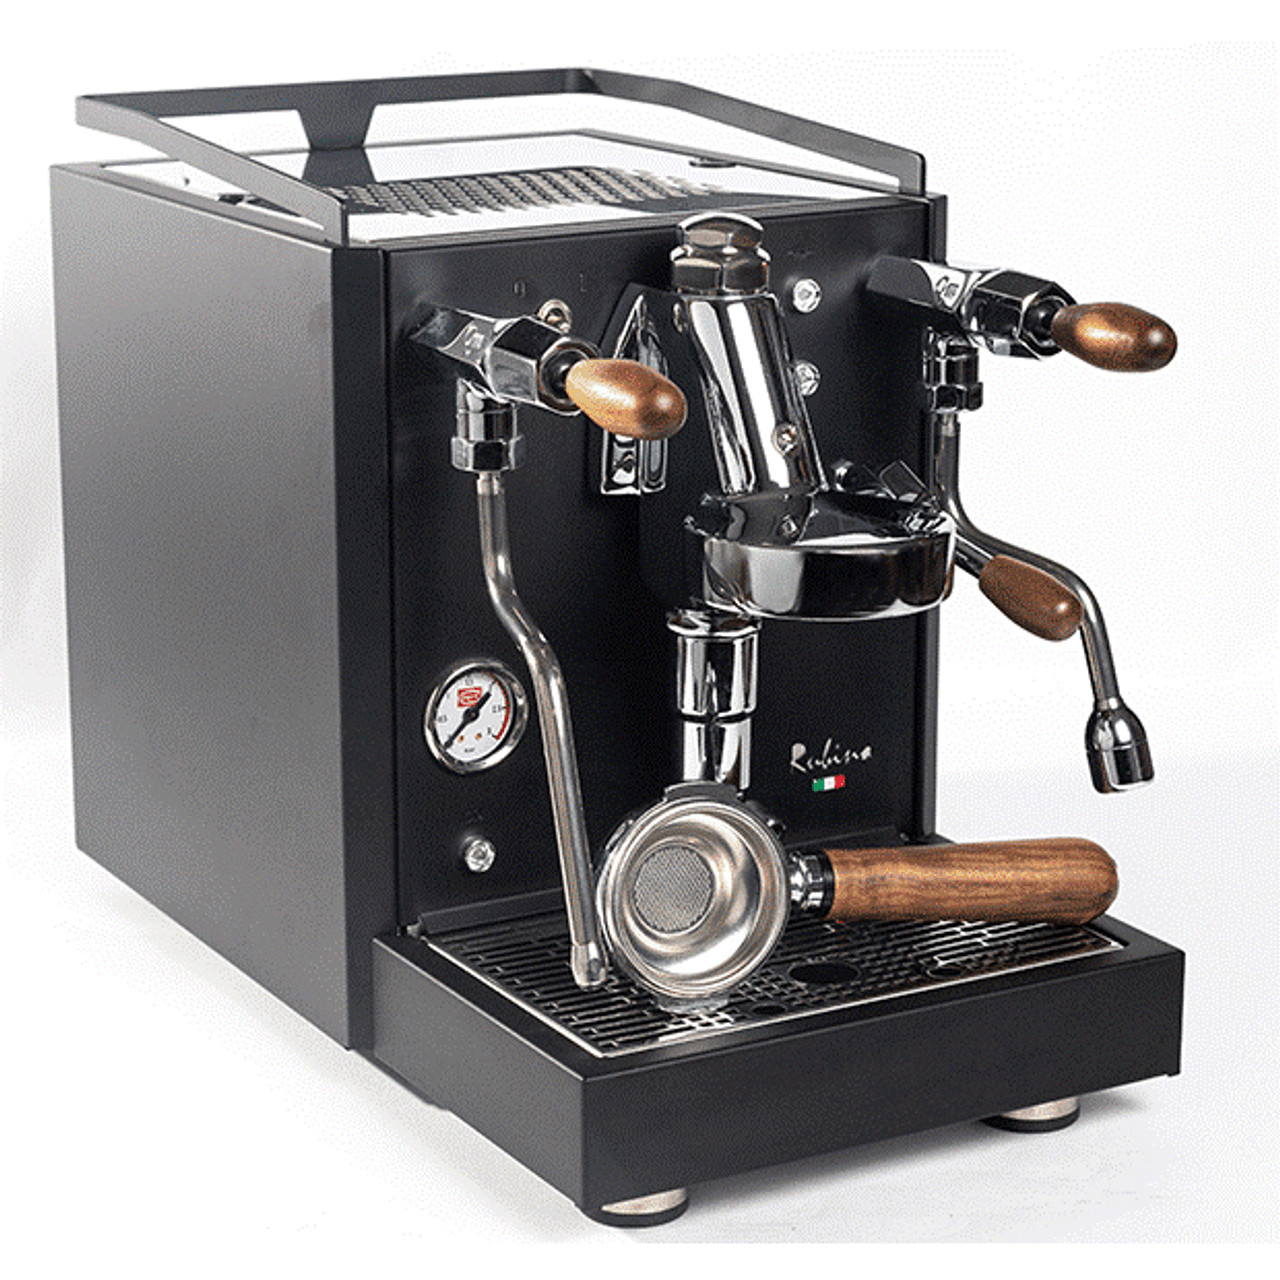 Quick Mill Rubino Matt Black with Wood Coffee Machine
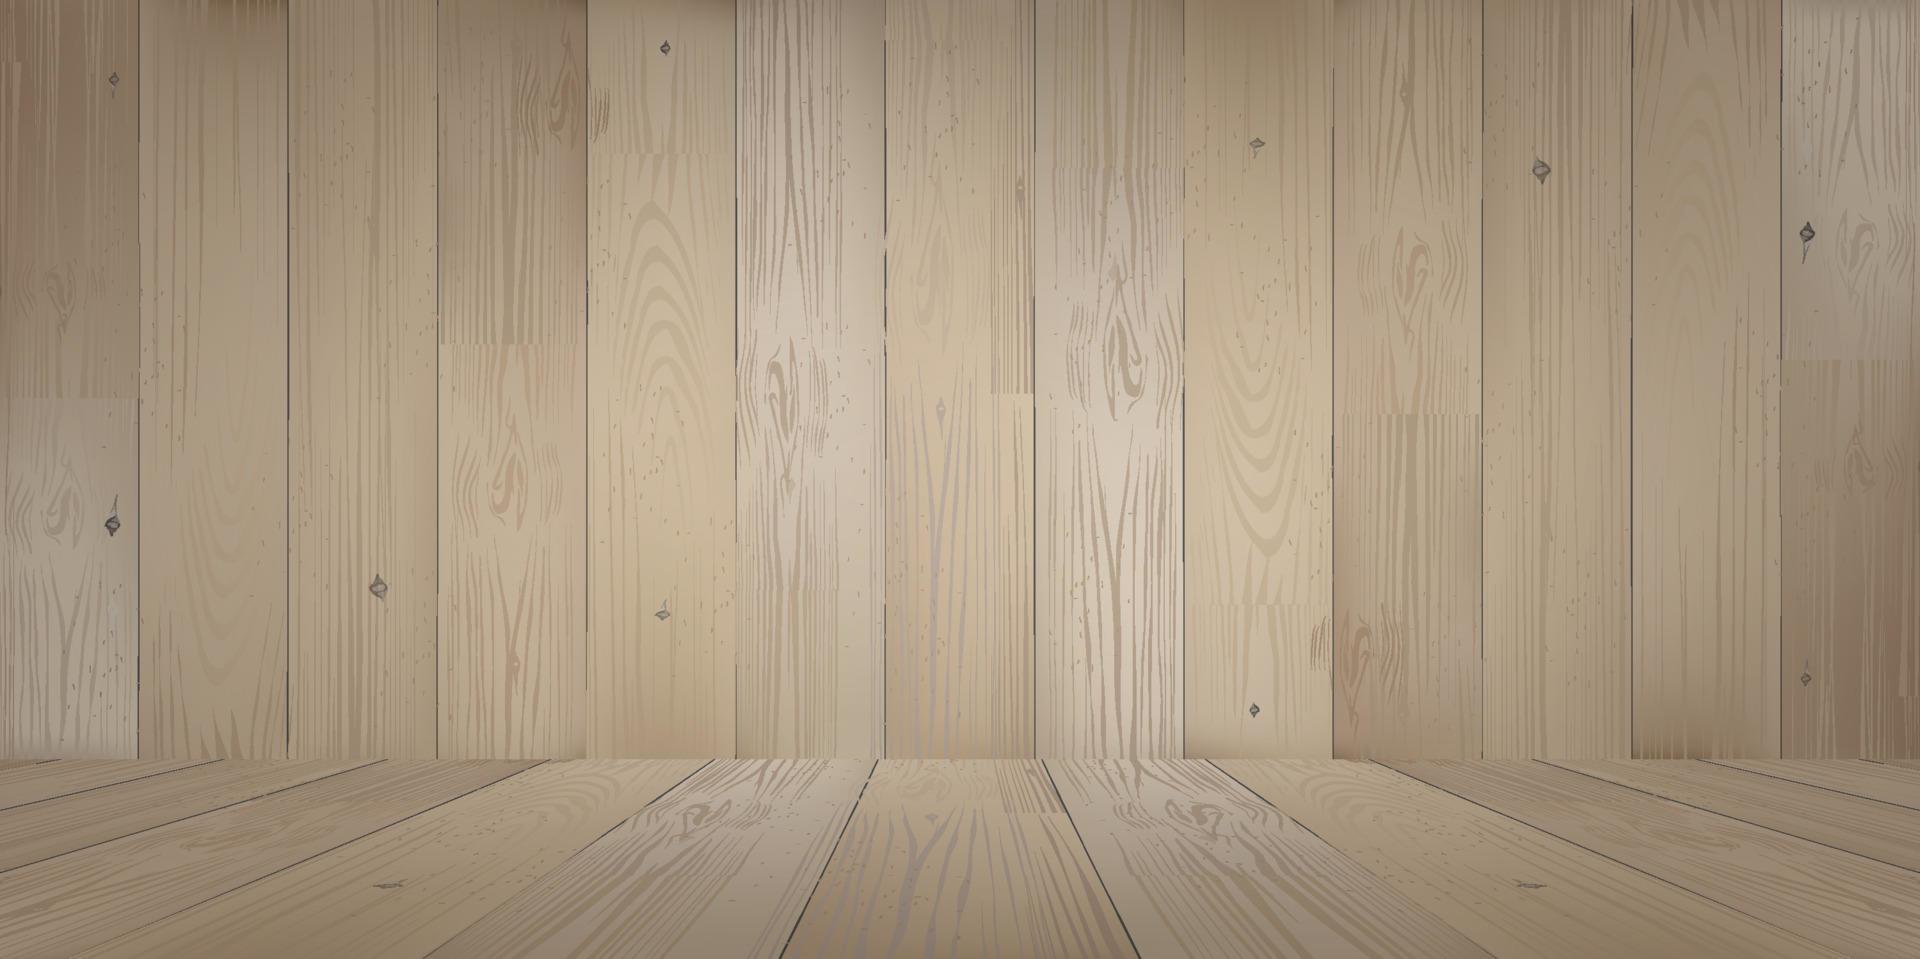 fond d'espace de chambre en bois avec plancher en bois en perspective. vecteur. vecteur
◆ ◆ ◆ ◆
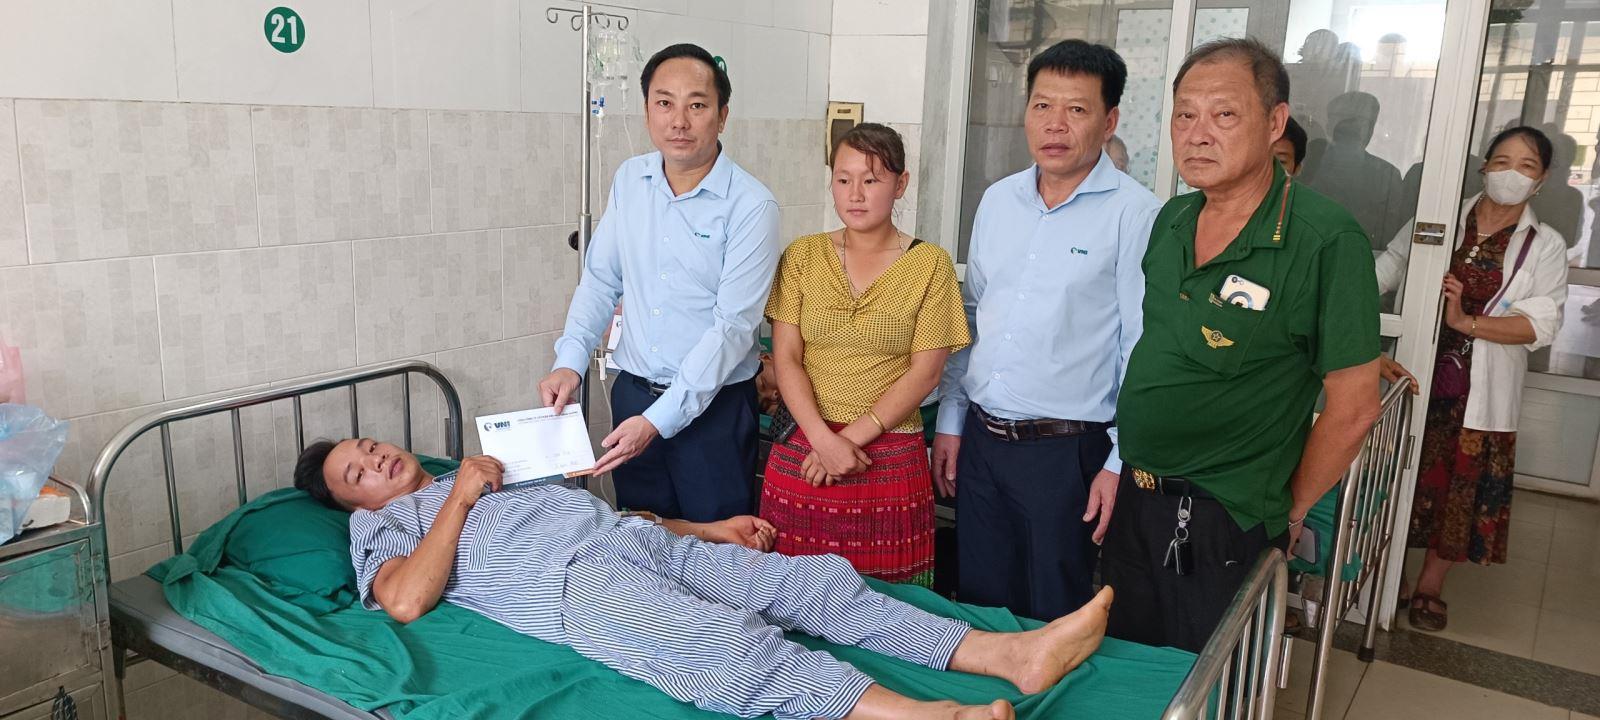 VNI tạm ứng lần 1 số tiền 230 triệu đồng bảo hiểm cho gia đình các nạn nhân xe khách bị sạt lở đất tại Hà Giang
◆ ◆ ◆ ◆
WORK INSTRUCTION: Using the listing above, restate exactly the range between the lines holding "Quick Mill Rubino" and "fond d'espace de", inclusive, with pictures left out.

TASK RESULT:
 Quick Mill Rubino Matt Black with Wood Coffee Machine
 fond d'espace de chambre en bois avec plancher en bois en perspective. vecteur. vecteur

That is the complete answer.